(Given entries begins)

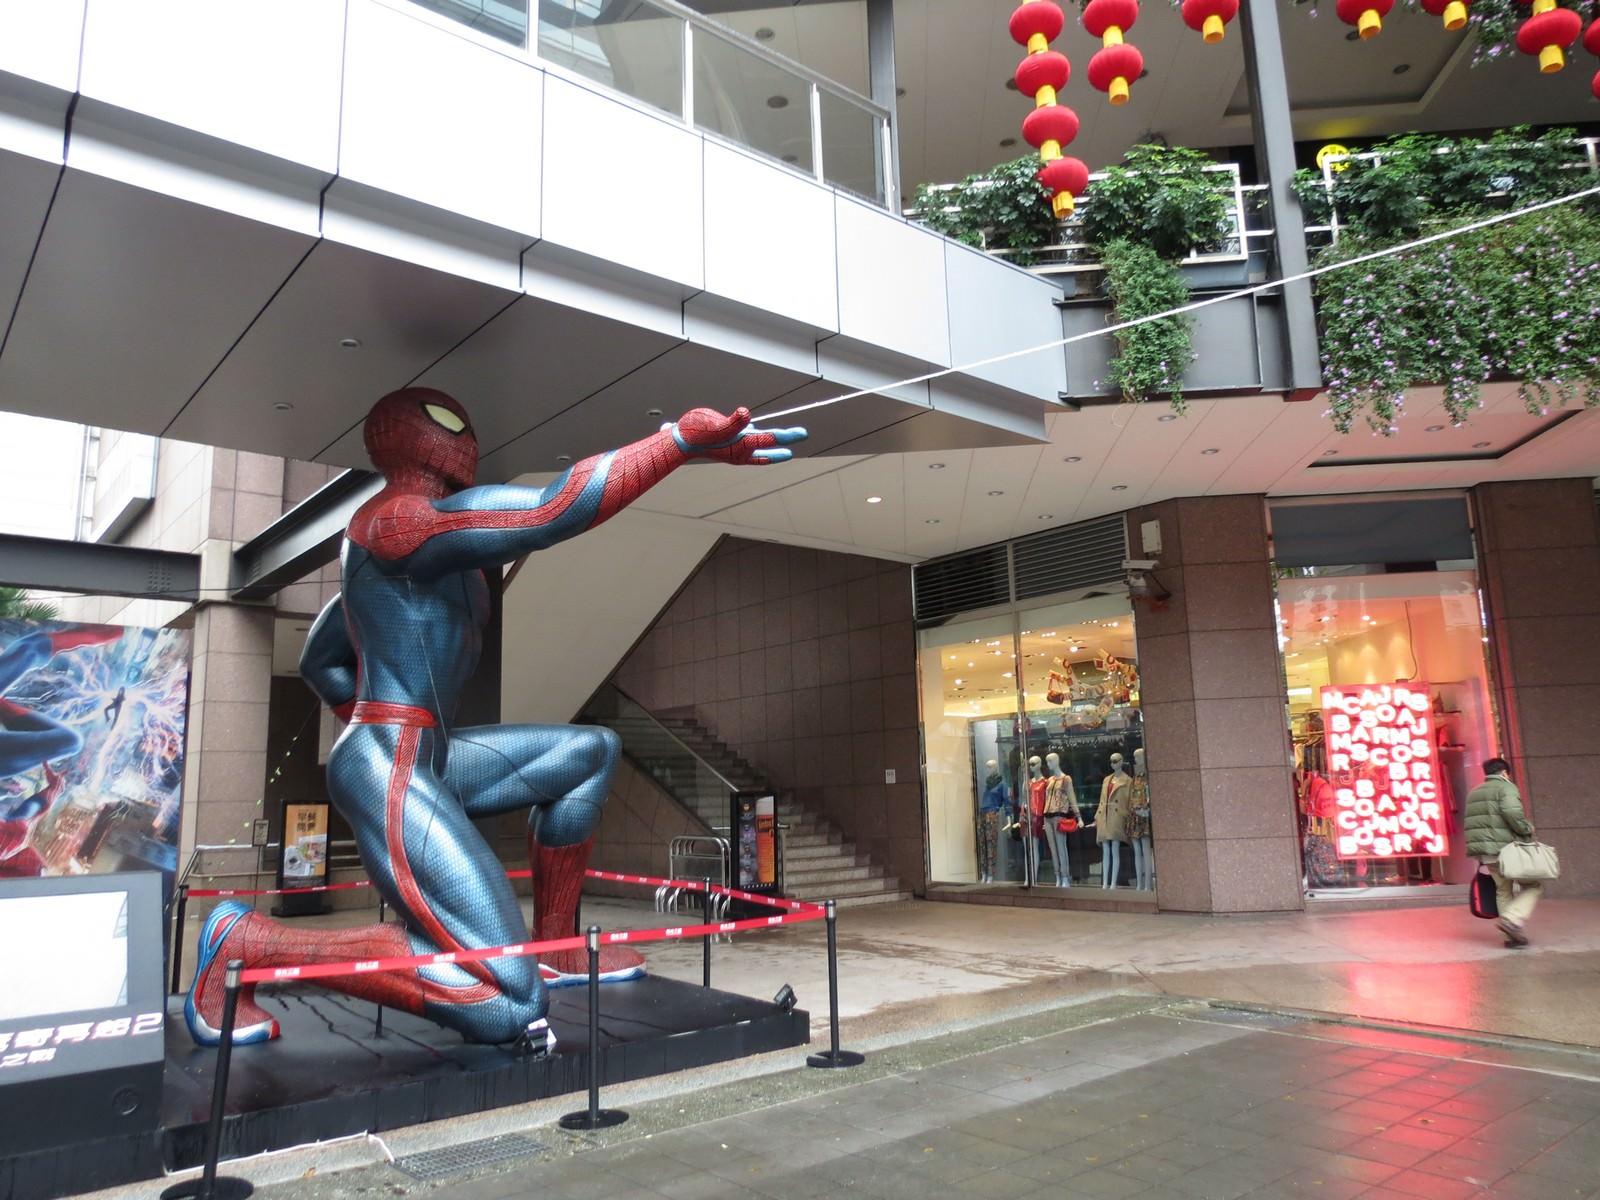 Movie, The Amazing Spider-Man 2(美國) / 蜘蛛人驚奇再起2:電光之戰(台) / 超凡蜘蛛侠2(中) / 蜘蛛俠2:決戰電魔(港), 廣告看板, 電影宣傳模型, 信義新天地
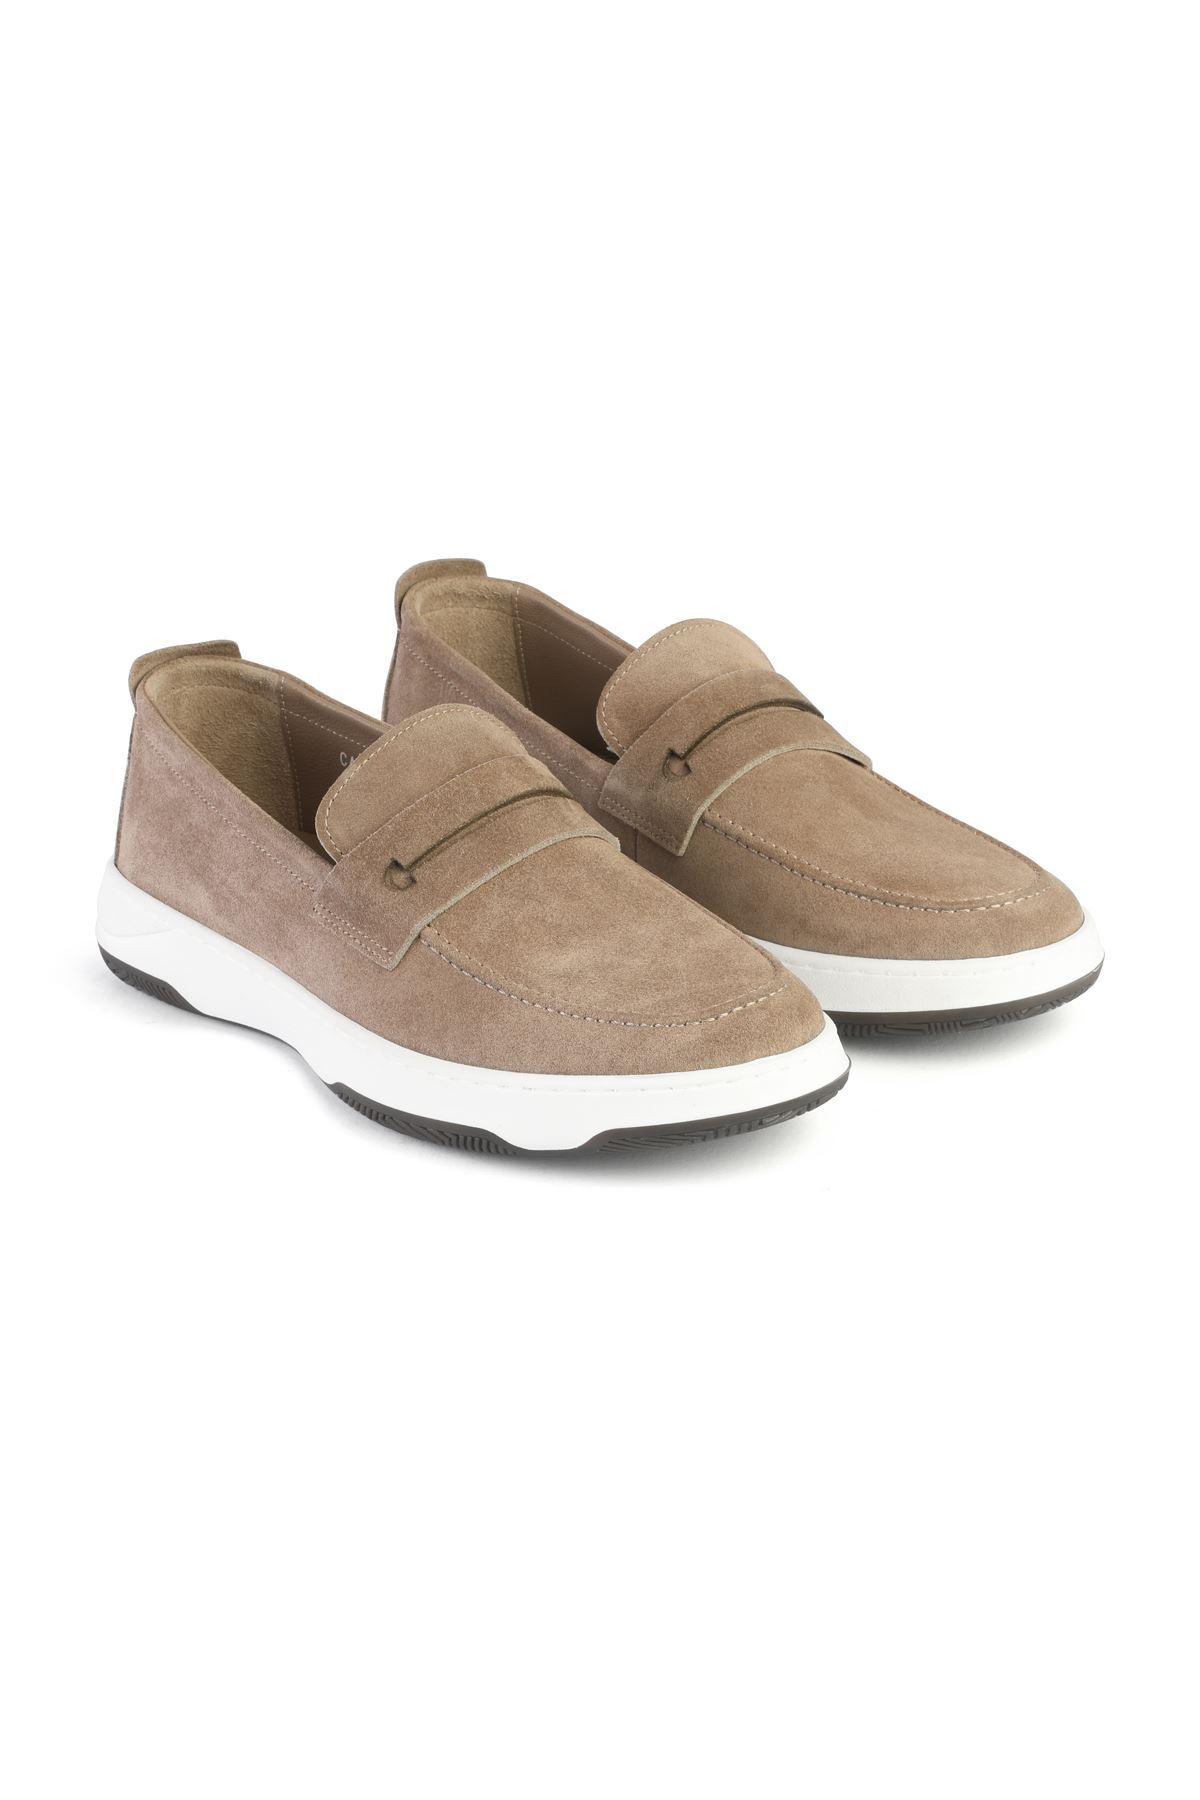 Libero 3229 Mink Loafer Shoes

(Given entries ends)
(Given entries begins)

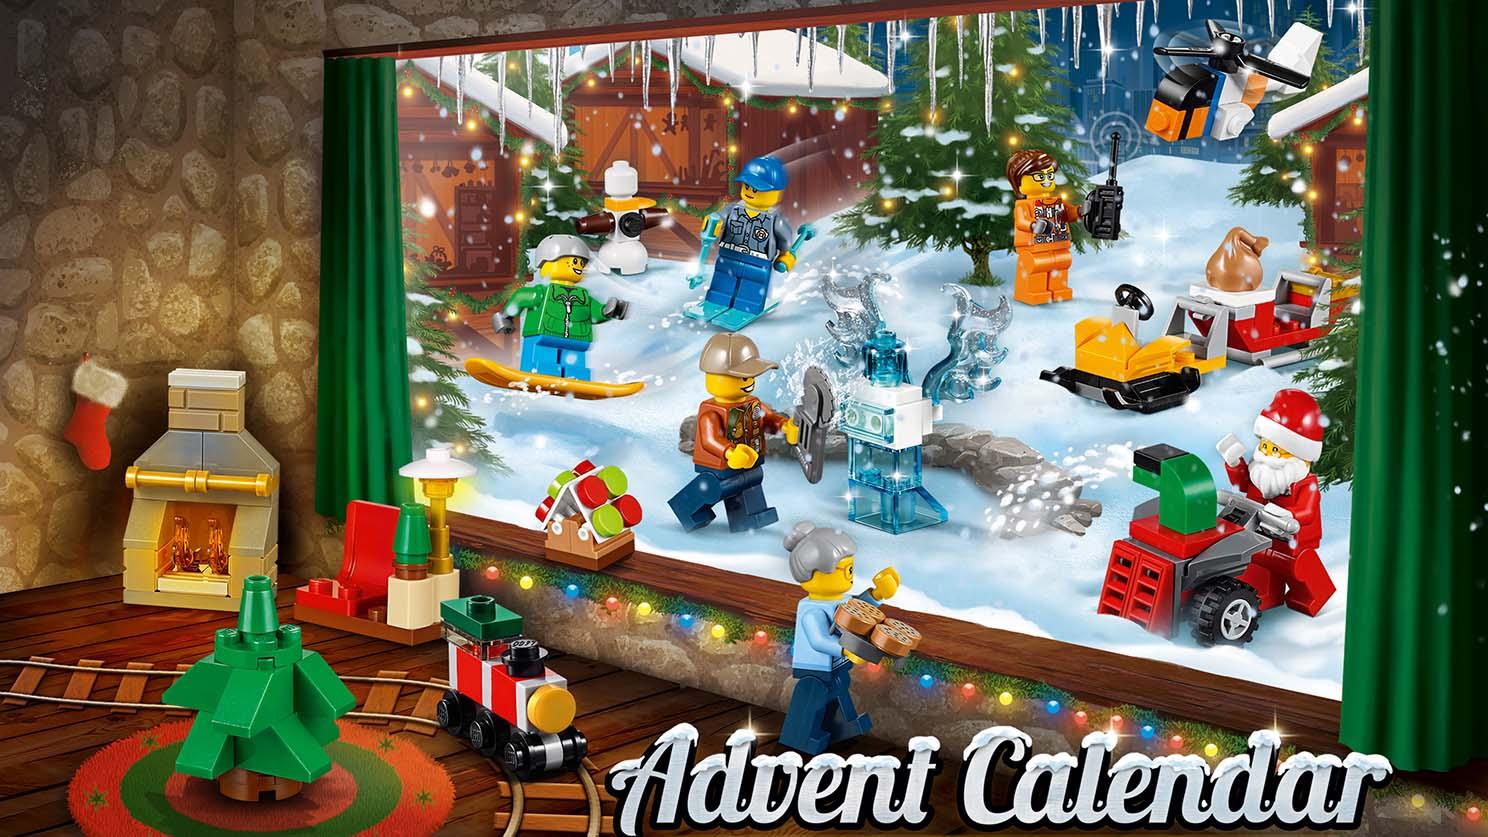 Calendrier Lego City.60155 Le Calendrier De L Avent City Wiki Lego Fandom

(Given entries ends)
(Given entries begins)

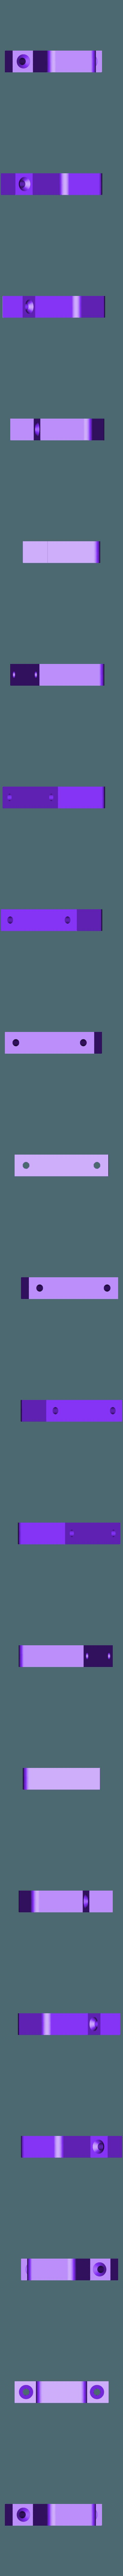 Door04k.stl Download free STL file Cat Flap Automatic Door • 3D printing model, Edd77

(Given entries ends)

Write out the lines above from the one with "Movie, The Amazing" through the one with "Libero 3229 Mink Loafer Shoes", ends included, exactly; no picture goes in.

__Task solution__:
 Movie, The Amazing Spider-Man 2(美國) / 蜘蛛人驚奇再起2:電光之戰(台) / 超凡蜘蛛侠2(中) / 蜘蛛俠2:決戰電魔(港), 廣告看板, 電影宣傳模型, 信義新天地
 Libero 3229 Mink Loafer Shoes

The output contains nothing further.